WHAT TO WORK ON: Return the stretch from the line with "103468_cryostork_animation_styleframes_v1_sf_02.jpg" through the line with "A Importância de" in the data below, character for character, skipping all pictures.

--- AVAILABLE DATA ---

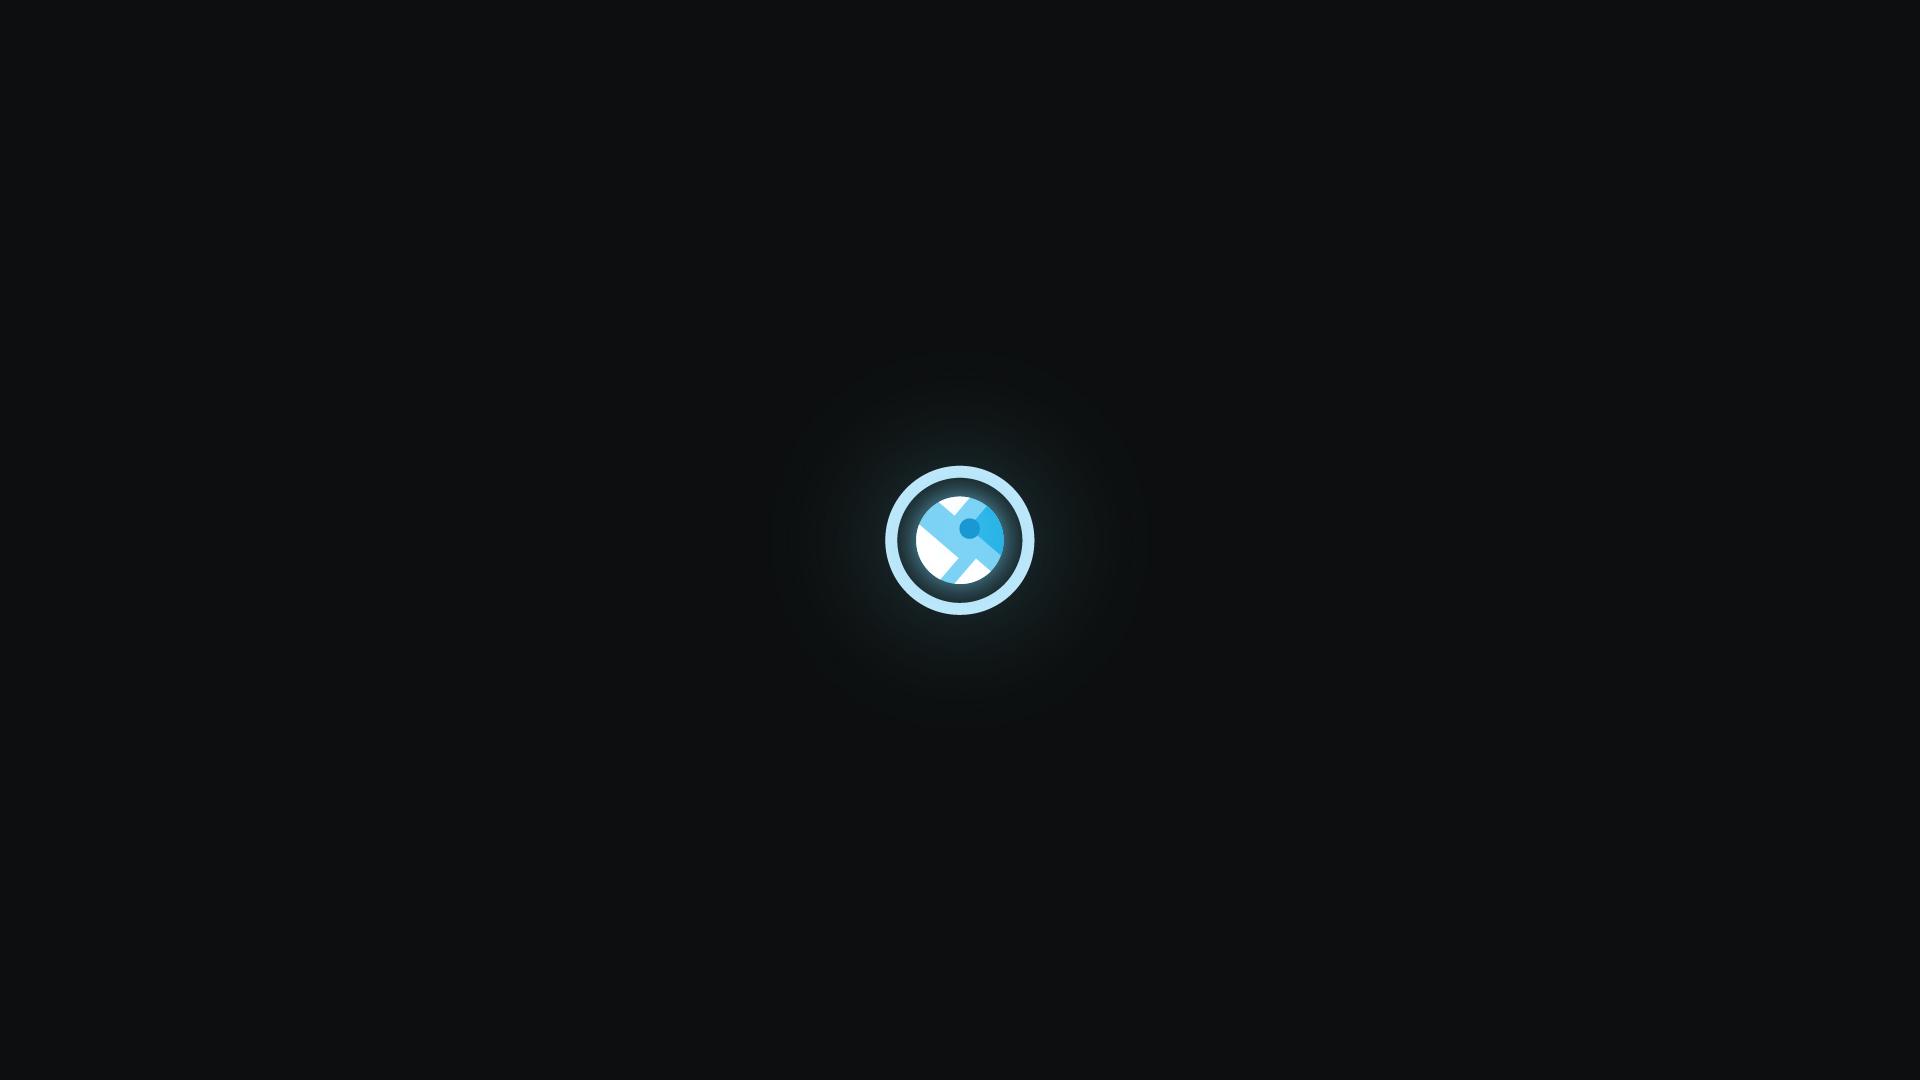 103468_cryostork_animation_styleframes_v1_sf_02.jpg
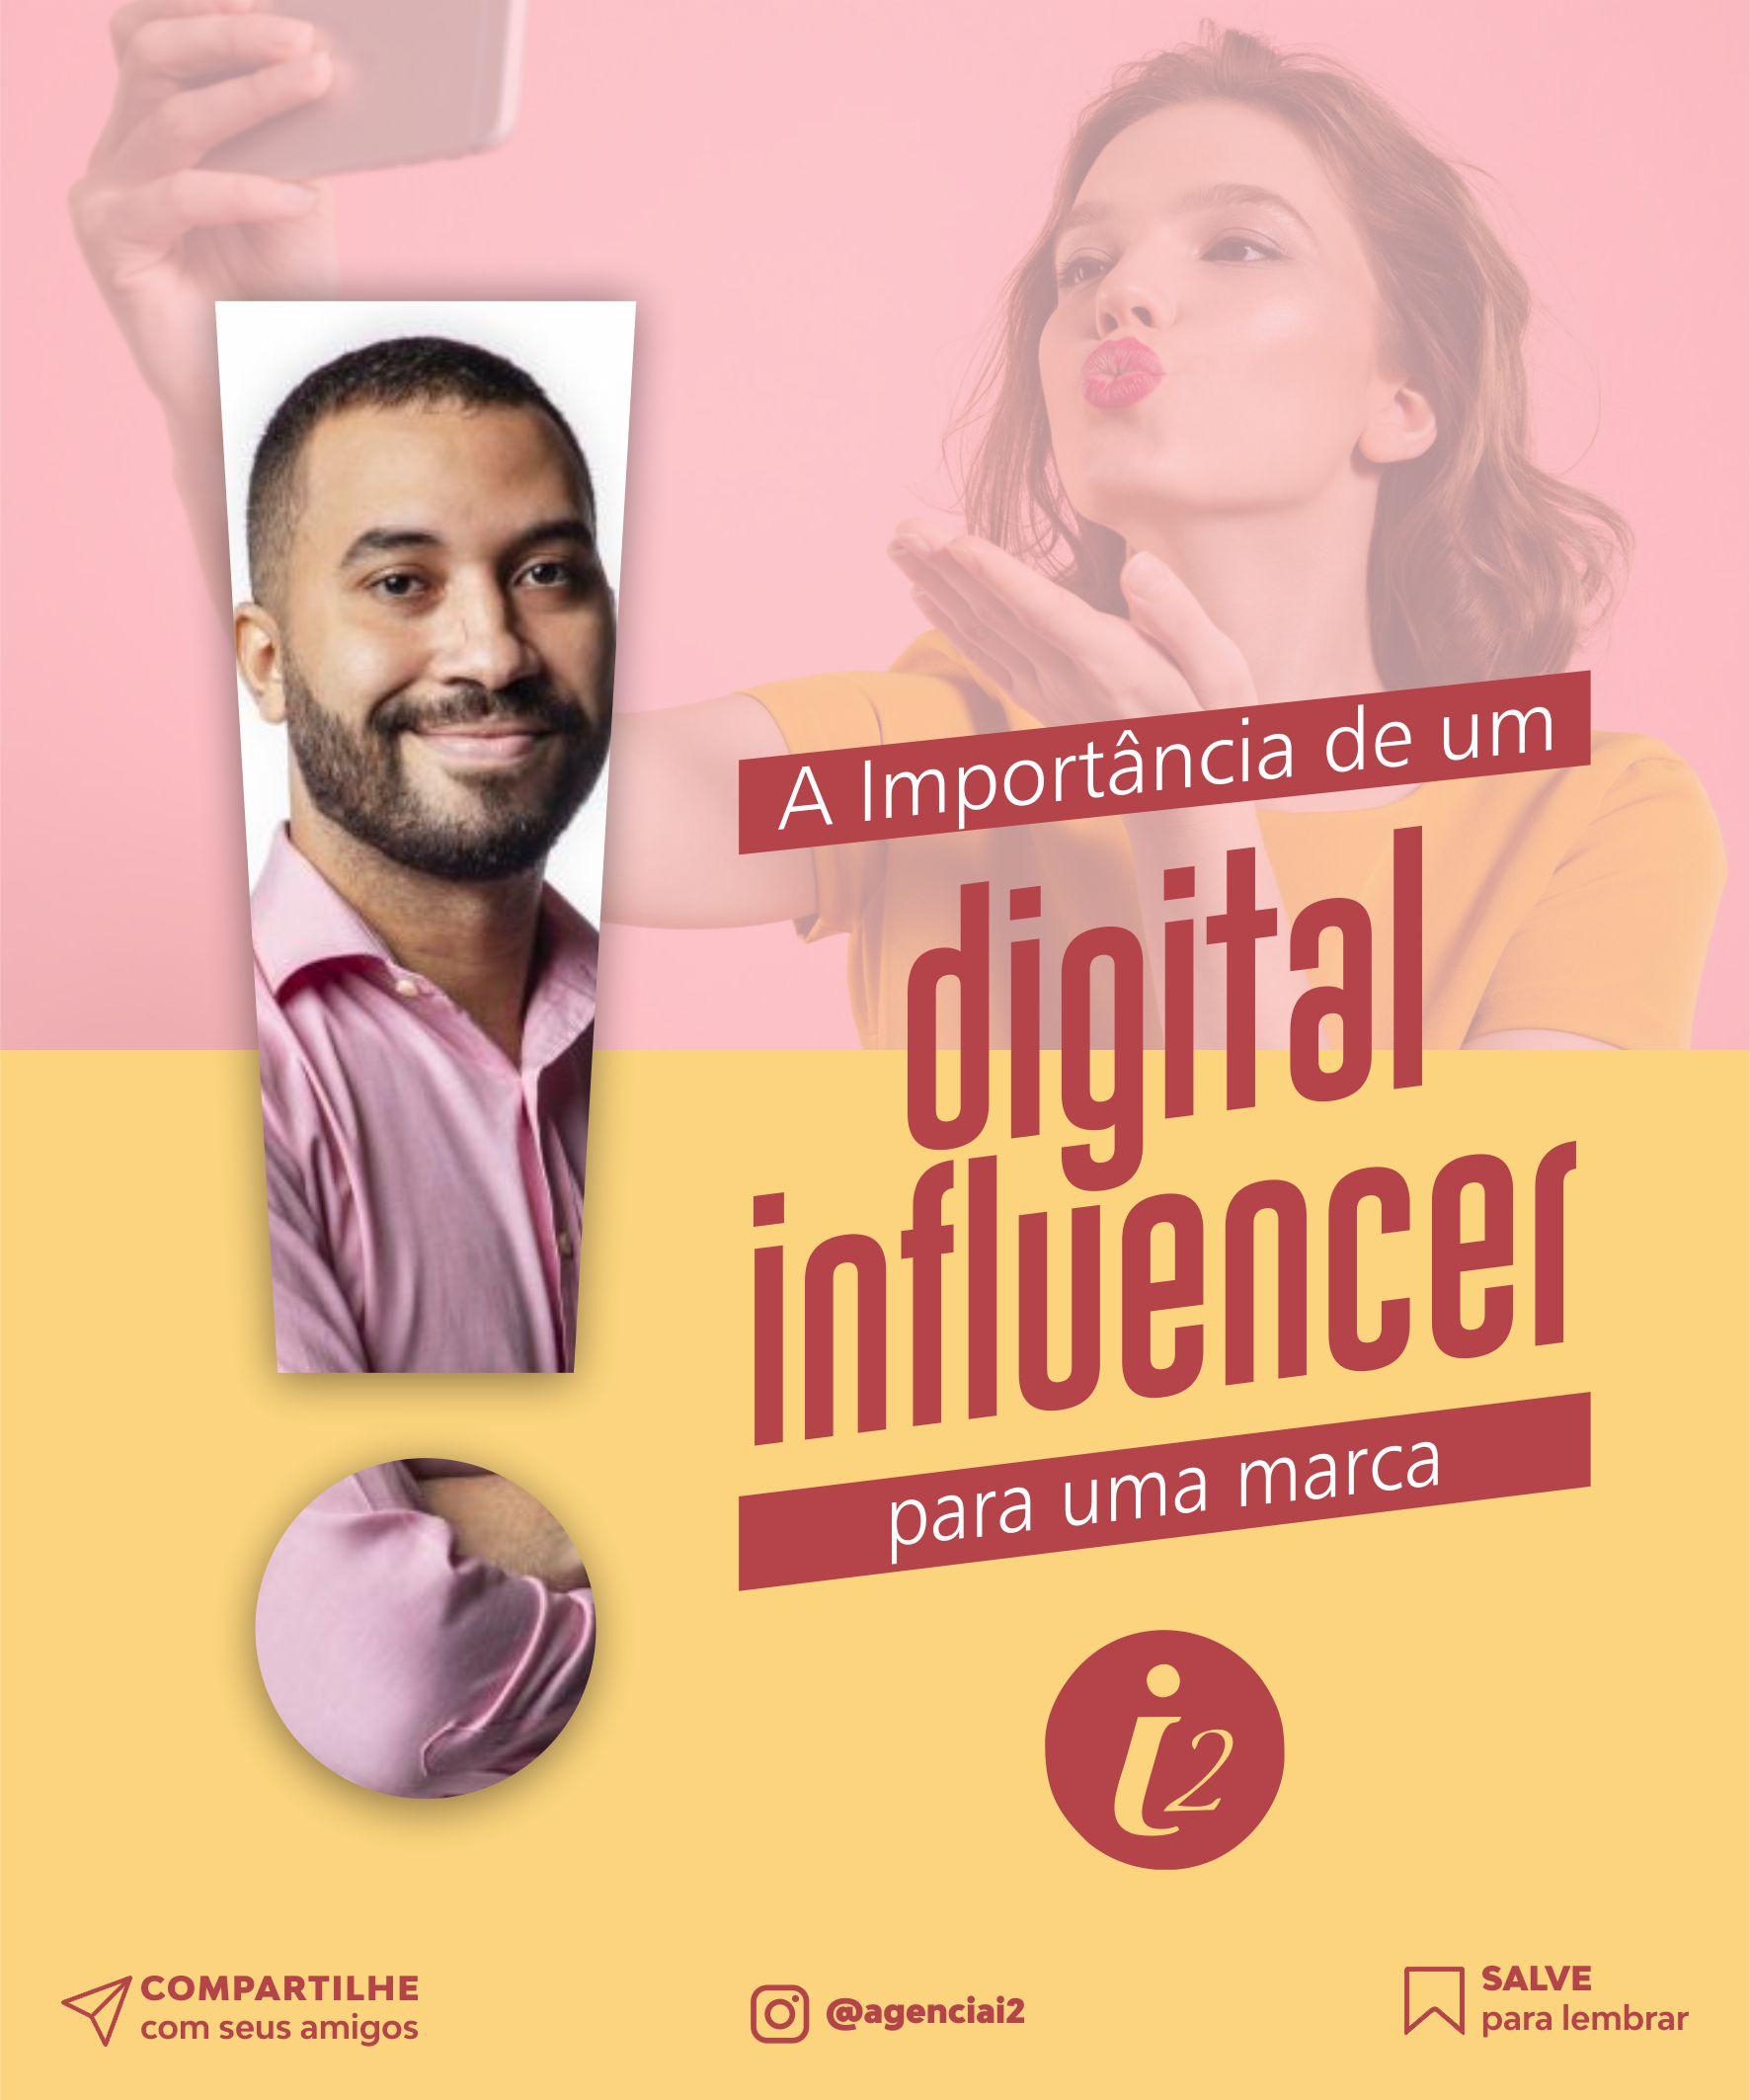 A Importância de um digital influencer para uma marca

---
--- AVAILABLE DATA ---

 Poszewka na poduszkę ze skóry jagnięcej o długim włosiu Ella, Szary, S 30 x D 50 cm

---

WRITTEN ANSWER:
 103468_cryostork_animation_styleframes_v1_sf_02.jpg
 A Importância de um digital influencer para uma marca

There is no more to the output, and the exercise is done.